## Problem requirements
Examine the entries below, count the lines holding the string "should", and respond with the number only.

========

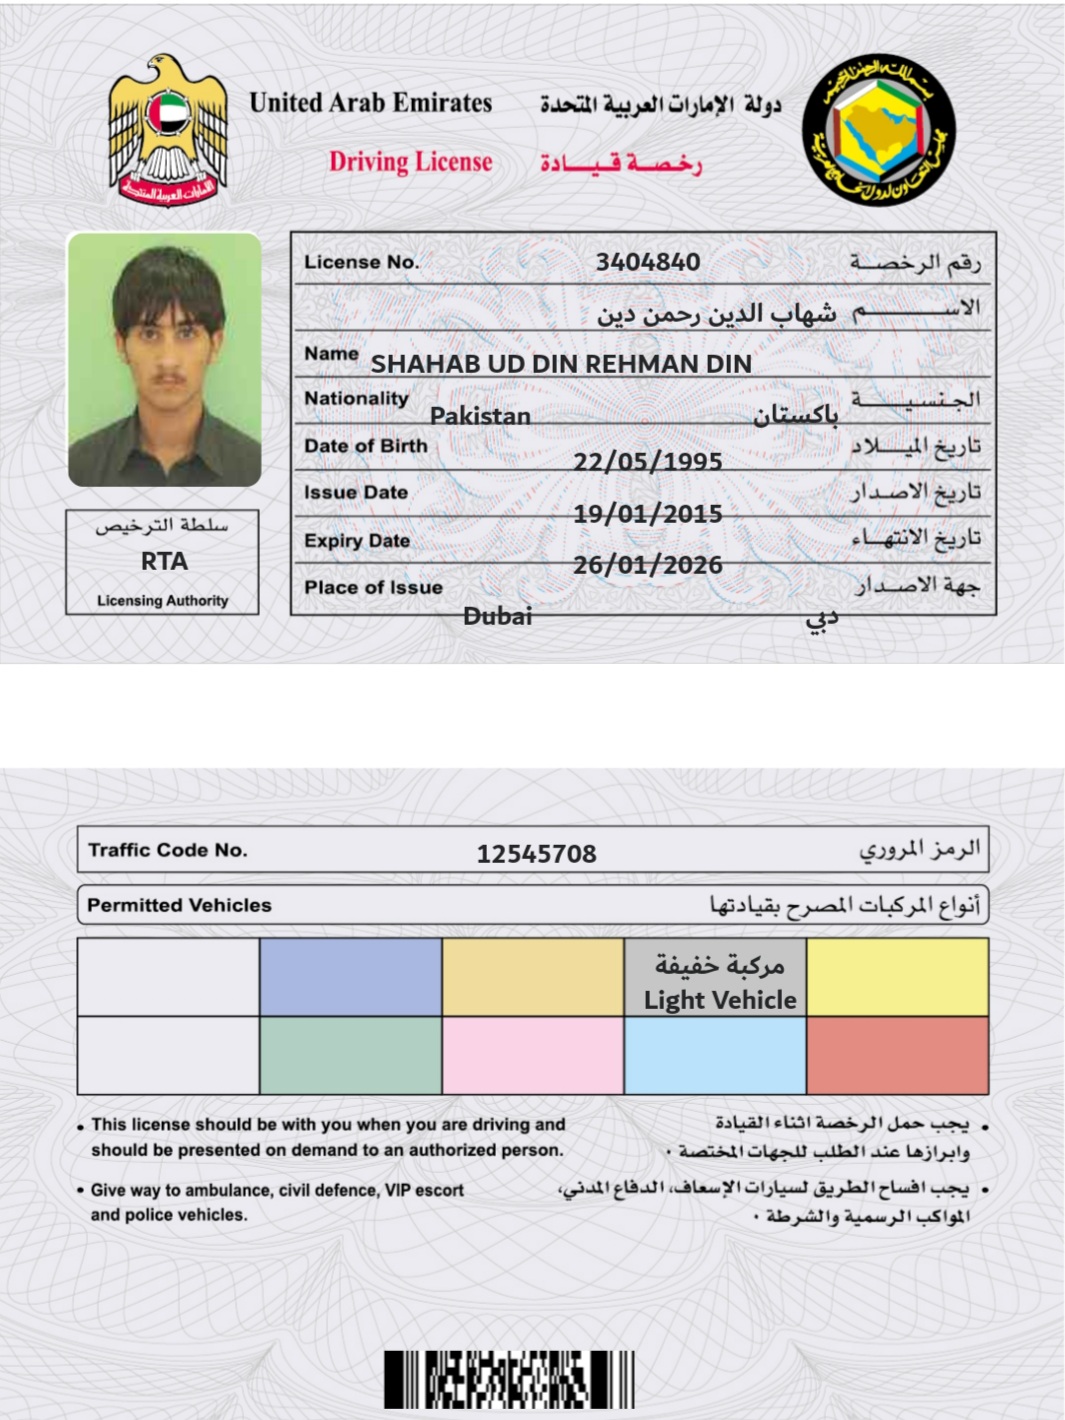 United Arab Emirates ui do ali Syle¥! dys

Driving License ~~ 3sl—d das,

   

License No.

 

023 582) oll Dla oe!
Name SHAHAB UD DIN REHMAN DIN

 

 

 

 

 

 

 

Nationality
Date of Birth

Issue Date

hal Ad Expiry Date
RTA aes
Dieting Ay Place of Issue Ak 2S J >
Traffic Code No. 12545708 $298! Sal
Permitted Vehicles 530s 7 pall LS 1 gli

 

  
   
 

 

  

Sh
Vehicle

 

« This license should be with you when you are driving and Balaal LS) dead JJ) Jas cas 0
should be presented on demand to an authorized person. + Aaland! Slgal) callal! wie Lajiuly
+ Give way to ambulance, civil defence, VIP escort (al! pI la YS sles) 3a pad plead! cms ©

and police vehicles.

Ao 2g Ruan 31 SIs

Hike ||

========

## Finished exercise
2